An agreement arose between the Plaintiffs and one J. Petersen, which required of the
plaintiffs to compose music and write lyrics for a play entitled The Lads of the Village,
in exchange for consideration. It was agreed that in addition to such consideration, the
names of the Plaintiffs would appear on all printed media and on all publications as
authors and composers of the play. Additionally, the agreement expressed in explicit
terms, that should J. Petersen default on paying such agreed upon consideration, the
performing rights would revert to the author and composers of the play.

On the 2nd of February 1918, J. Petersen, now claiming authorship of the play,
subsequently entered into an agreement with the 2 nd Defendant, which agreement entailed
the assignment of all of Petersens rights in the revue to the 2 nd defendant for 250l. In light
of this agreement, the 2nd Defendant Company gave licence to the 1st Defendant Thomas,
to produce a film of the play in consideration for royalty. In view of this licence, the 1 st
Defendant produced the play and it is that production which found itself the subject
matter of the action for an injunction.

Issues:

1. Whether J. Petersen had any interest in the Copyright either as an author or co-
author of the revue in question?
2. Whether the agreement between J. Petersen and the 2 nd defendant constitutes a
legitimate assignment in equity and if so, of what rights?

Issue 1:

It was argued by the defendants that Petersens contributions in the composition of the revue
qualified him as an author of the revue, or at the very least, a co author. The outcome of this
argument, if accurate, thwarts the allegation of a Copyright infringement by virtue of the fact
that the defendants would find themselves in possession of authorship rights arising out of the
consignment that occurs between Petersen and themselves.

Conceding that Petersens contributions were limited to coming up with the name of the play,
creating the names of the characters, communicating the sketch of the plot to the Plaintiffs,
arranging the scenic effects, and preparing certain key lines of dialogue, the defendants
argued that his authorship was on account of the following:

1. That considering the fact that the dialogue in the revue was of a transient, ephemeral
nature and was of little consequence in comparison to the scenery and action, the real
author ought to be determined by identifying the man who staged the revue.
2. That the infringement complained of was in relation to the reproduction of the drama
in the cinema of which J. Petersen was the author.

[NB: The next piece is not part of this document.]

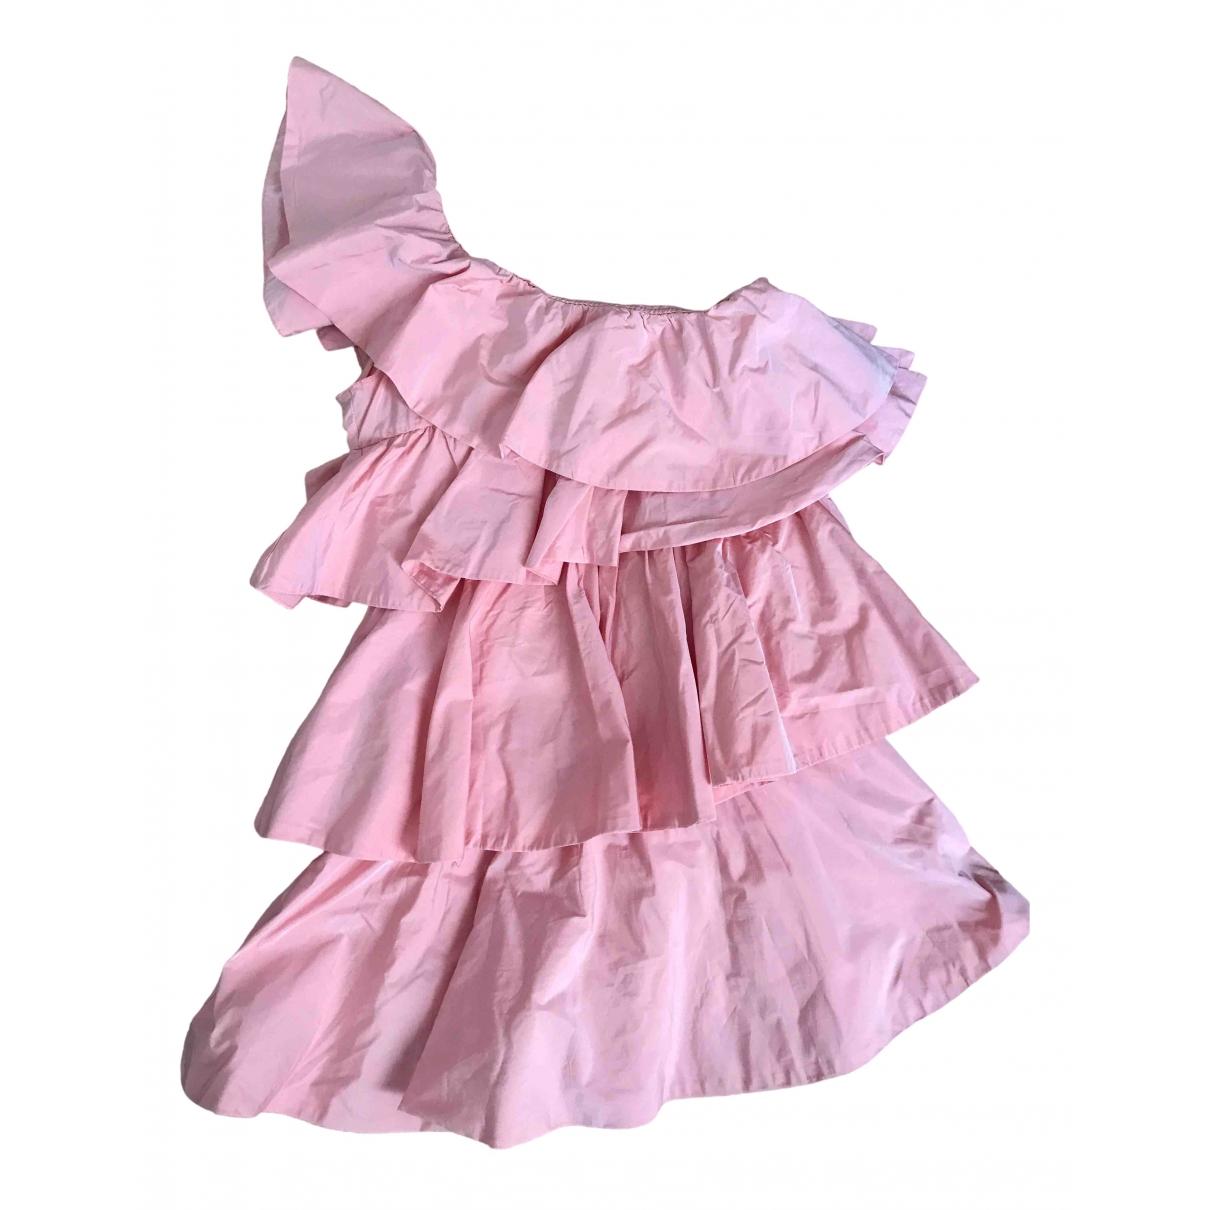 Zara \N Pink dress for Women S International

In disposing of the arguments presented in favour of Petersens authorship, the court took the
position that Petersens contribution to the revue was negligible and that the sum total of his
contribution did not amount to anything entitling him to protection under the Act. Moreover,
the court conveyed that in order for something to enjoy Copyright protection under the Act,
the subject matter ought to be capable of being printed and or published. It was held that
although scenic effects can be protected as part and parcel of a drama, they themselves cannot
be the subject matter of protection.

Where one person has commissioned others to work, to infer that the collective Copyright
rests in the person commissioning the work is wrong

Issue 2:
The basic principle with equitable assignments is that the consigner can only consign to the
consignee, rights that the consigner holds at the time of assignment. Having established that
J. Petersen held no rights as an author or co-author in The Lads of the Village, it follows
that he could not pass any such rights to the Defendants. The only rights that were transferred
between Petersen and the Defendants were those that Petersen held, being the rights to
reproduce the play for consideration.

Ruling:

Held- that in as much as Petersens contribution to the production of the play was not the
subject matter of Copyright under the Copyright Act, 1911, he could neither be the sole
author nor one of the joint authors of the play as a collective work within the meaning of that
Act, and had no interest in the Copyright of that play.

Held- further that the agreement of April 17, 1917, did not amount to an equitable assignment
of the Copyright to Petersen who had only the qualified right to produce the play on the
stage; and the plaintiffs were entitled to the injunction claimed and an inquiry as to damages.